The damping film 30 is mounted on the partition board 14 and spaced apart from the speaker core 20. Specifically, the damping film 30 is mounted on an upper surface of the partition board 14. For example, the damping film 30 is mounted on the upper surface of the partition board 14 through a second adhesive layer (not shown in the figure). An elastic modulus of the damping film 30 is less than an elastic modulus of the vibration assembly 21. For example, a material of the damping film 30 includes one or more of materials such as polycarbonate (PC, polycarbonate), acrylic ester (acrylic ester), polylactic acid (PLA, polylactic acid), and butyronitrile (butyronitrile).

It should be understood that the shape of the damping film 30 is not merely limited to the rectangle shown in FIG. 3, and may alternatively be a circle or an irregular shape. In some other embodiments, there may alternatively be a plurality of through holes 101, and the plurality of through holes 101 are spaced apart from each other. The damping film 30 may alternatively include a plurality of damping sub-films, and each damping sub-film is mounted on the partition board 14 and covers one through hole 101, which is not specifically limited in this application.
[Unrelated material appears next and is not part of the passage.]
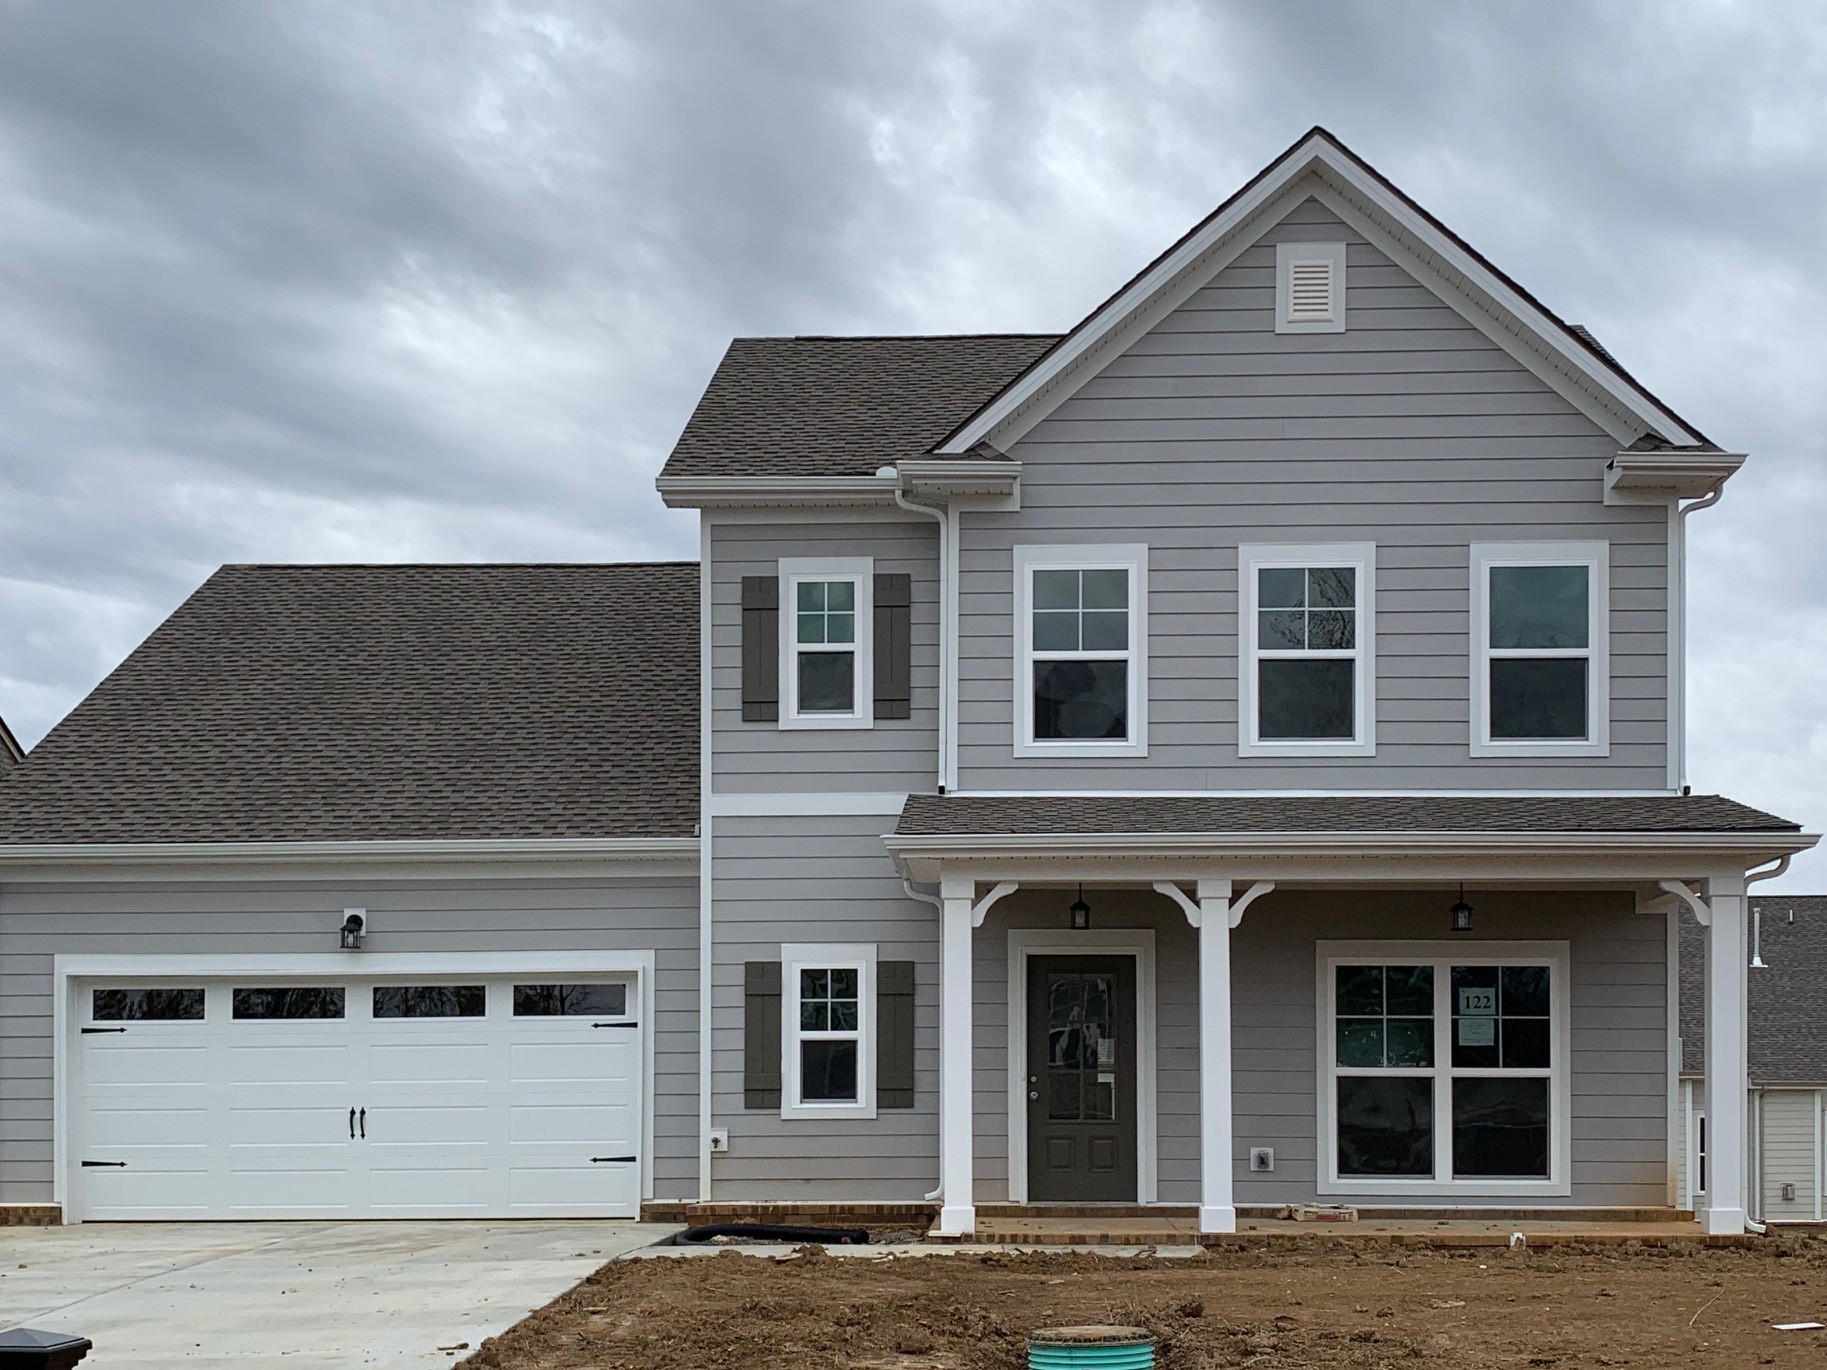 1216 Batbriar Rd #122, Murfreesboro, TN 37129 - Murfreesboro, TN real estate listing

In this embodiment, an effective area of the vibration assembly 21 is S₁, an effective area of the damping film 30 is S₂, an effective vibration volume of the vibration assembly 21 in the back cavity 602 is V₁, and an effective vibration volume of the damping film 30 in the back cavity 602 is V₂. A relationship among the effective area S₁ of the vibration assembly 21, the effective area S₂ of the damping film 30, the effective vibration volume V₁ of the vibration assembly 21 in the back cavity 602, the effective vibration volume V₂ of the damping film 30 in the back cavity 602 satisfies:

$\frac{S_1{A}_1}{\alpha V_1}=\frac{S_2{A}_2}{V_2}$

• • where A₁ is an amplitude of the vibration assembly 21, A₂ is a maximum amplitude of the damping film 30, α is a compensation coefficient, and a generally ranges from 3.0 to 5.0. In addition, a specific value of α is further adjusted with reference to both a heating effect in the back cavity and an ideal gas formula.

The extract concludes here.